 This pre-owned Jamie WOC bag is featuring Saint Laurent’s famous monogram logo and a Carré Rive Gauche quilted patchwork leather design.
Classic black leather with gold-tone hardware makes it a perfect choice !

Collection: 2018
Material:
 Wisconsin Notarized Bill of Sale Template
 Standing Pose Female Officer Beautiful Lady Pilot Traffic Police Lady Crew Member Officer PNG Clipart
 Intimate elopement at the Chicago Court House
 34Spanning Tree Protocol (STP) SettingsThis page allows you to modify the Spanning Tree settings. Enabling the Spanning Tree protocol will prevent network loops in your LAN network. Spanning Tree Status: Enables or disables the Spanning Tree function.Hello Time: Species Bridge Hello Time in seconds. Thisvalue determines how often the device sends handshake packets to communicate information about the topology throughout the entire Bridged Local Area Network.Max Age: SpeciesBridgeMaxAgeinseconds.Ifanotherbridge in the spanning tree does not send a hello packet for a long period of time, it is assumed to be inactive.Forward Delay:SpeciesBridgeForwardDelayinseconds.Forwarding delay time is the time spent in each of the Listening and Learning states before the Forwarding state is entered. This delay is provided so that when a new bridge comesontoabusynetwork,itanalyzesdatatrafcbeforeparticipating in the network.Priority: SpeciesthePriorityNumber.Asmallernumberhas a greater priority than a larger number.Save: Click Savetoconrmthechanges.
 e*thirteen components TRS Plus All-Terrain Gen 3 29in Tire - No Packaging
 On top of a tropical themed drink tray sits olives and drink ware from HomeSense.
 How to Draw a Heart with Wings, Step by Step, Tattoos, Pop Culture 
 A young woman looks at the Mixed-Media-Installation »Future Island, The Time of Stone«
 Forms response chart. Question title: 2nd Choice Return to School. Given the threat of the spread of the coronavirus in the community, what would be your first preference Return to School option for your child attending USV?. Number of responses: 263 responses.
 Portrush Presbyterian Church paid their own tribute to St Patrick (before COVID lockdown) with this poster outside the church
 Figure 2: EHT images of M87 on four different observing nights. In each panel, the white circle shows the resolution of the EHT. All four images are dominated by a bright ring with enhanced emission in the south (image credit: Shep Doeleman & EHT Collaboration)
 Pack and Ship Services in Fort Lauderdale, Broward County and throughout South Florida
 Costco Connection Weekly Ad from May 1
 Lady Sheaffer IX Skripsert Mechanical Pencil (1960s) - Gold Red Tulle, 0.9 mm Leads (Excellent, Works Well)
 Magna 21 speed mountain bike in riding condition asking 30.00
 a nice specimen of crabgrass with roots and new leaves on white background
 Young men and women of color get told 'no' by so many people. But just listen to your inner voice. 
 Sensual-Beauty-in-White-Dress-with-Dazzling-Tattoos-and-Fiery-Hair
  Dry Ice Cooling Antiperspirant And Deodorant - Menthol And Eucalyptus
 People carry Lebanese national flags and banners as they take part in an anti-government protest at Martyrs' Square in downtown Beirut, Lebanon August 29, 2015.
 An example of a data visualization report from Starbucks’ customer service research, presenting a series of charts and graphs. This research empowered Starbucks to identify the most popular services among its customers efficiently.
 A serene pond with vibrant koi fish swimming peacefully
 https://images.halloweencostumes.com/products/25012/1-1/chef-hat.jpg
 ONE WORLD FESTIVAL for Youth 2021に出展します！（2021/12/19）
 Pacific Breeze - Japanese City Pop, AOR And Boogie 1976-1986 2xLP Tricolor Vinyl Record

____________________

Problem to solve
For the word "Lady", count the lines of the data that contain it and give only the count.

Solved problem
2